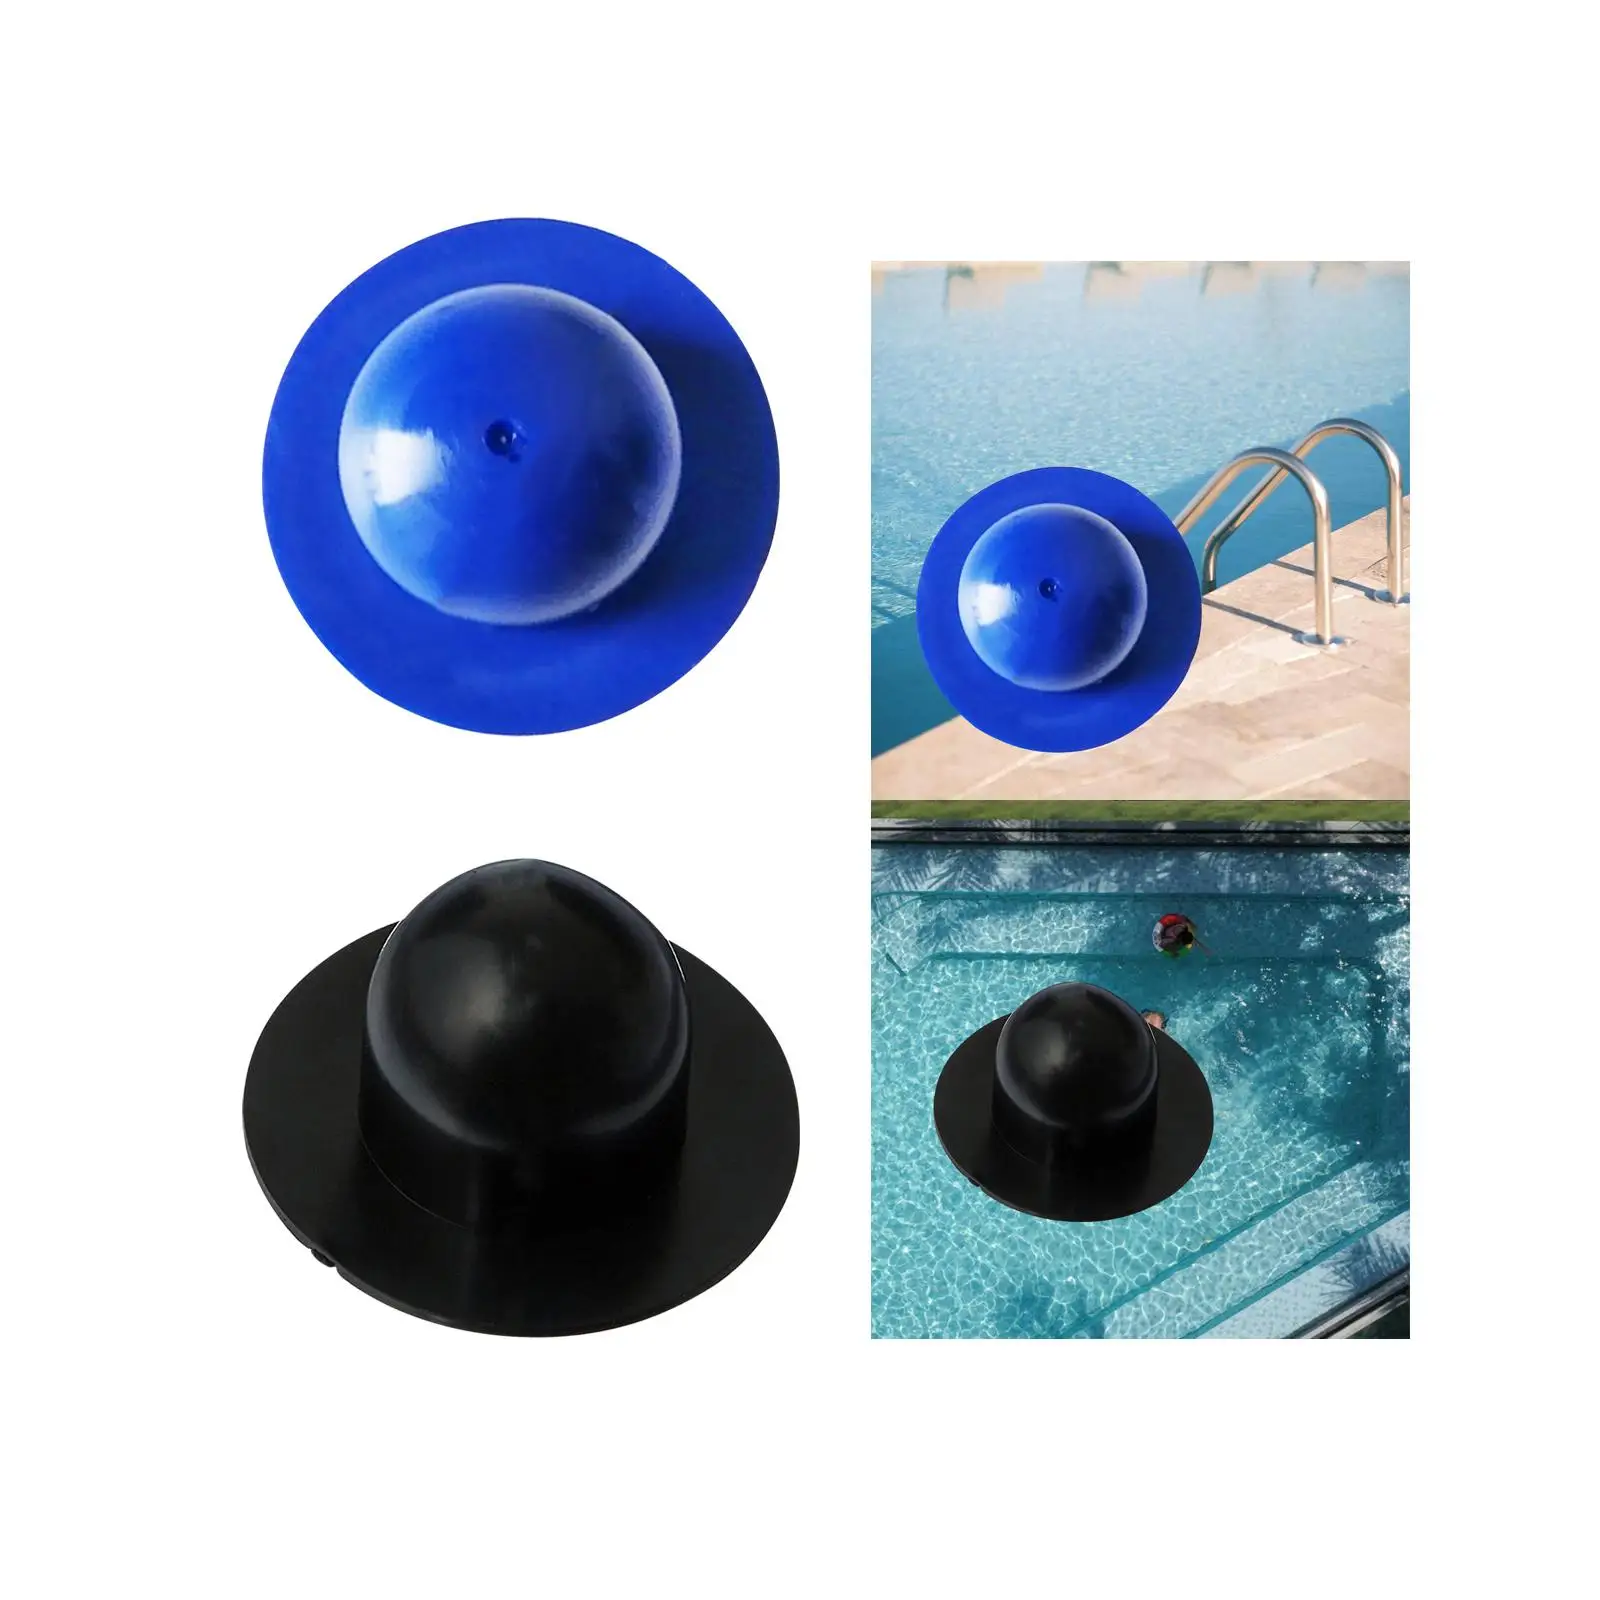 Pool Wall Plugs Filter Pump Stopper Pool Strainer Hose Hole Plug for Inflatable Pool Most above Ground Pools Accessories
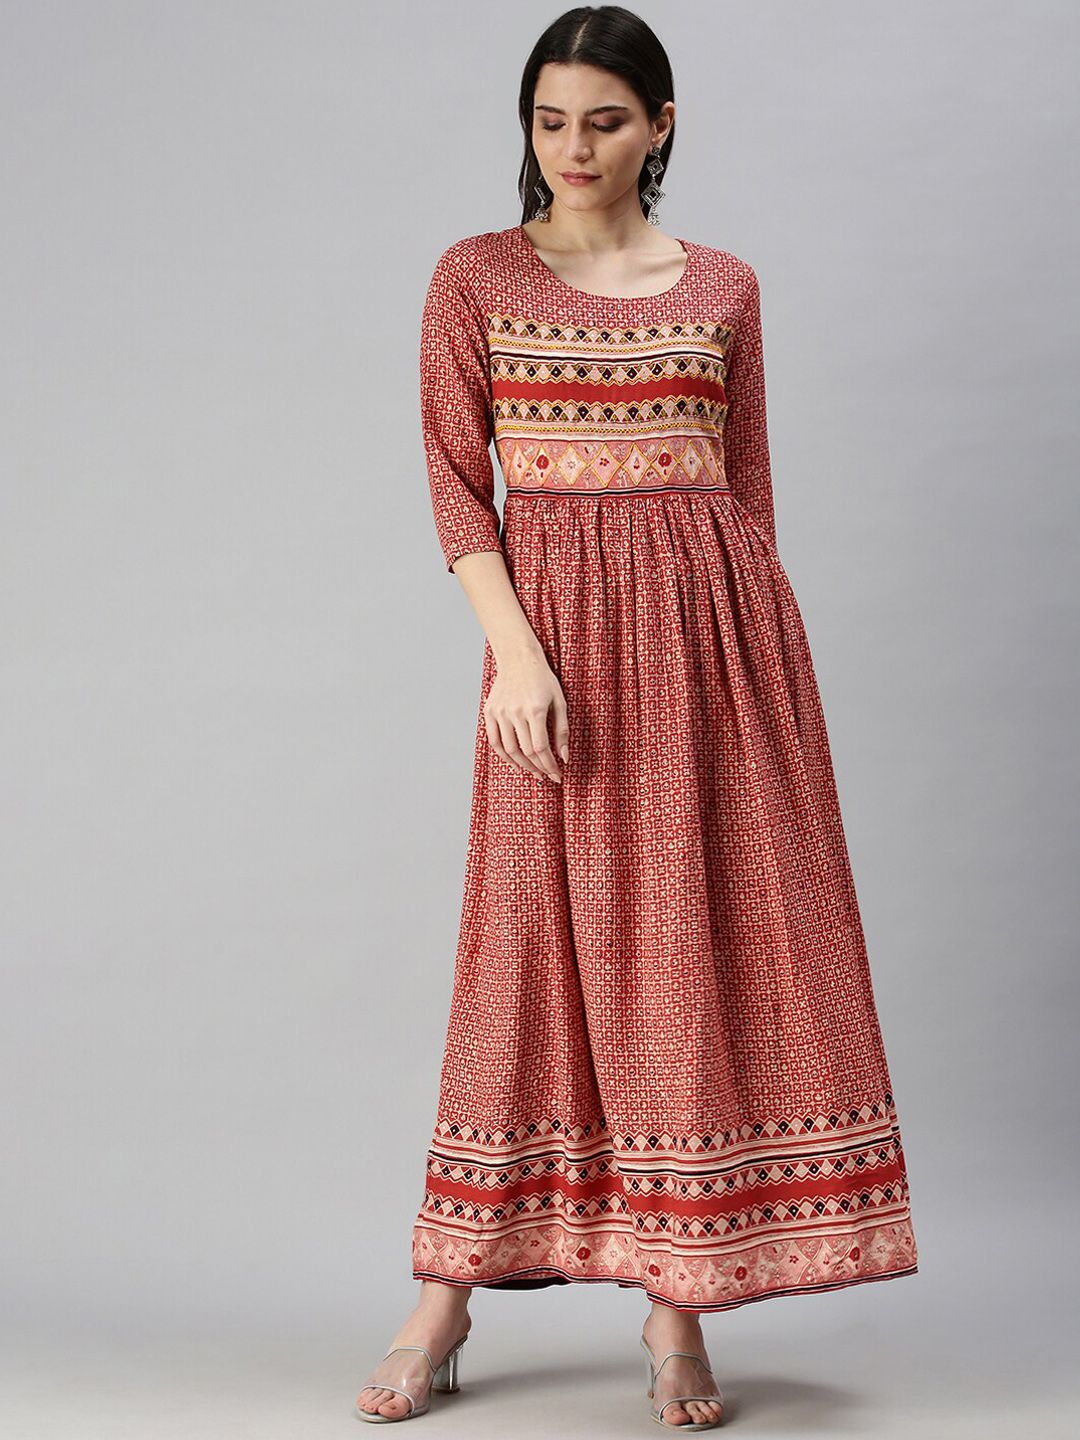 SHOWOFF Ethnic Motifs Printed Cotton Maxi Dress Price in India
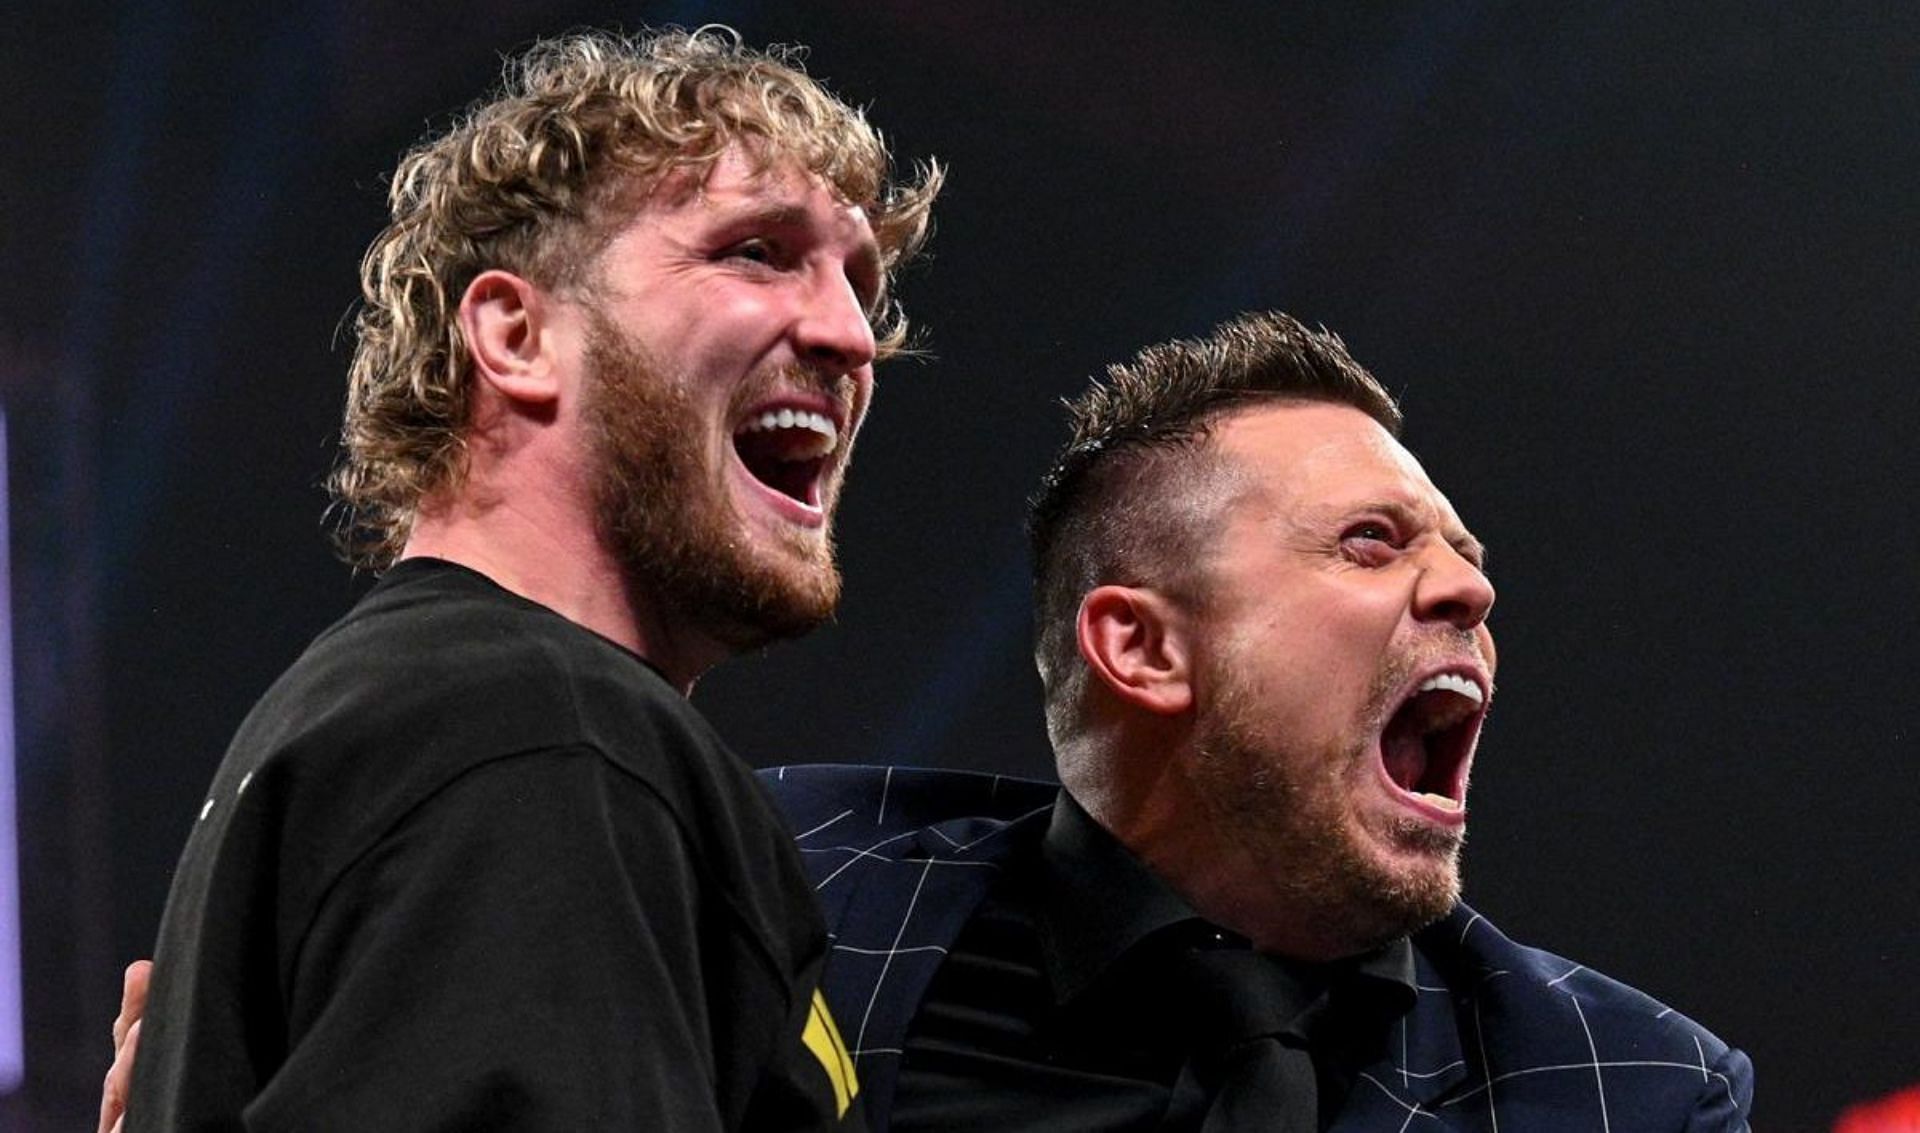 The Miz is impressed with Logan Paul as he trains for WrestleMania.

● ● ● ● ● ● ●

**EXERCISE**. Take the data above and set it down exactly, images excluded.

**RESULT BELOW**.
 Pool Wall Plugs Filter Pump Stopper Pool Strainer Hose Hole Plug for Inflatable Pool Most above Ground Pools Accessories
 SHOWOFF Ethnic Motifs Printed Cotton Maxi Dress Price in India
 The Miz is impressed with Logan Paul as he trains for WrestleMania.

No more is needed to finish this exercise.